The enlargement of the park and the
enclosure of the open fields in 1806 led to great changes in the village. All the farmhouses below the hill once
lay in the village and were mostly west of the Lewknor road and to the east of the castle. In the mid-17th century there had been eleven farmhouses rated for the hearth
tax, of which four had three or four hearths. How many cottages
there were is uncertain, but rentals show that there must have been many families which escaped
taxation. Village society had its clear distinctions of rank: in
1622, for example, Elizabeth Adeane left 12d. to every cottager of the town and in 1642 Richard Adeane left 12d.
each to the four poor of Shirburn. The estate maps of 1736 and 1780
show the farms and cottages mainly round the church and castle to the west of the Lewknor road. The pound was opposite Scoles’s farm, which lay on the corner of the lane
leading to the church; the village cross was where the lane joined the Lewknor road.

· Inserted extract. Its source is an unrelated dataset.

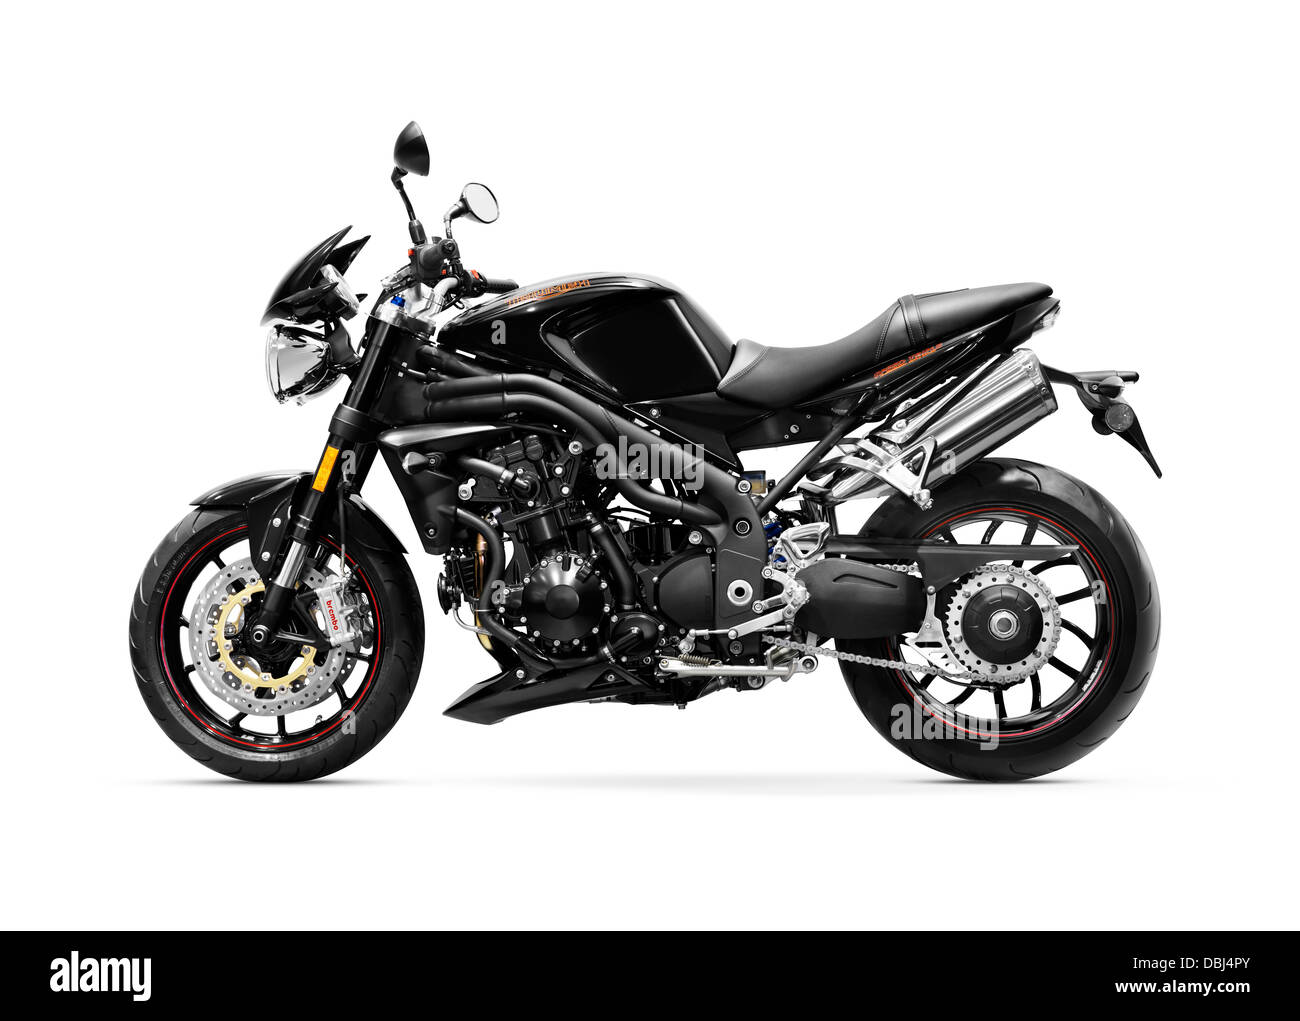 Black 2010 Triumph Speed Triple sport bike motorcycle 15th anniversary special edition isolated on white background Stock Photo

Several of the large farmhouses like Scoles’s, Butt’'s, and Reading’s had
large orchards. After enclosure the roads were fenced in and the
cross was removed. New farmhouses were built: the map of 1807 shows
Stone Hill Farm (later Model Farm) and Shirburn Farm to the north-west and north-east of the village, and
Knightsbridge Farm In the open fields to the south-west.
Judging from Brewer’s strictures the
cottagers were neglected. He noted that there were ‘many huts of
the most wretched description which act as offensive foils to the massive splendour of the neighbouring
castle’. The six derelict cottages now standing empty on the
Lewknor road are probably characteristic of the 18th-century village: they are timber-framed and have partly
brick and partly lath-and-plaster filling. The roofs are
thatched. Cottages and houses were restored or newly built in the
course of the late 18th and 19th centuries. There is a row of
fourteen pleasing cottages in Blenheim Road, a lane branching off the Lewknor road. They were designed as a row and are mostly of two stories, but four have
dormer windows; the material used is chalk with brick for decoration and for the chimney-stacks. Two of the present-day cottages were once a bakery, but one is now used as a
village shop. A group of houses facing towards the Lewknor road and
inside the entrance to the castle stables are also built of chalk and brick and appear to date from the late
18th or early 19th century. In the mid-19th century a school was
built. There has been no expansion in the 20th century: in 1960
there were reckoned to be 56 houses in the whole parish compared with 62 in 1811.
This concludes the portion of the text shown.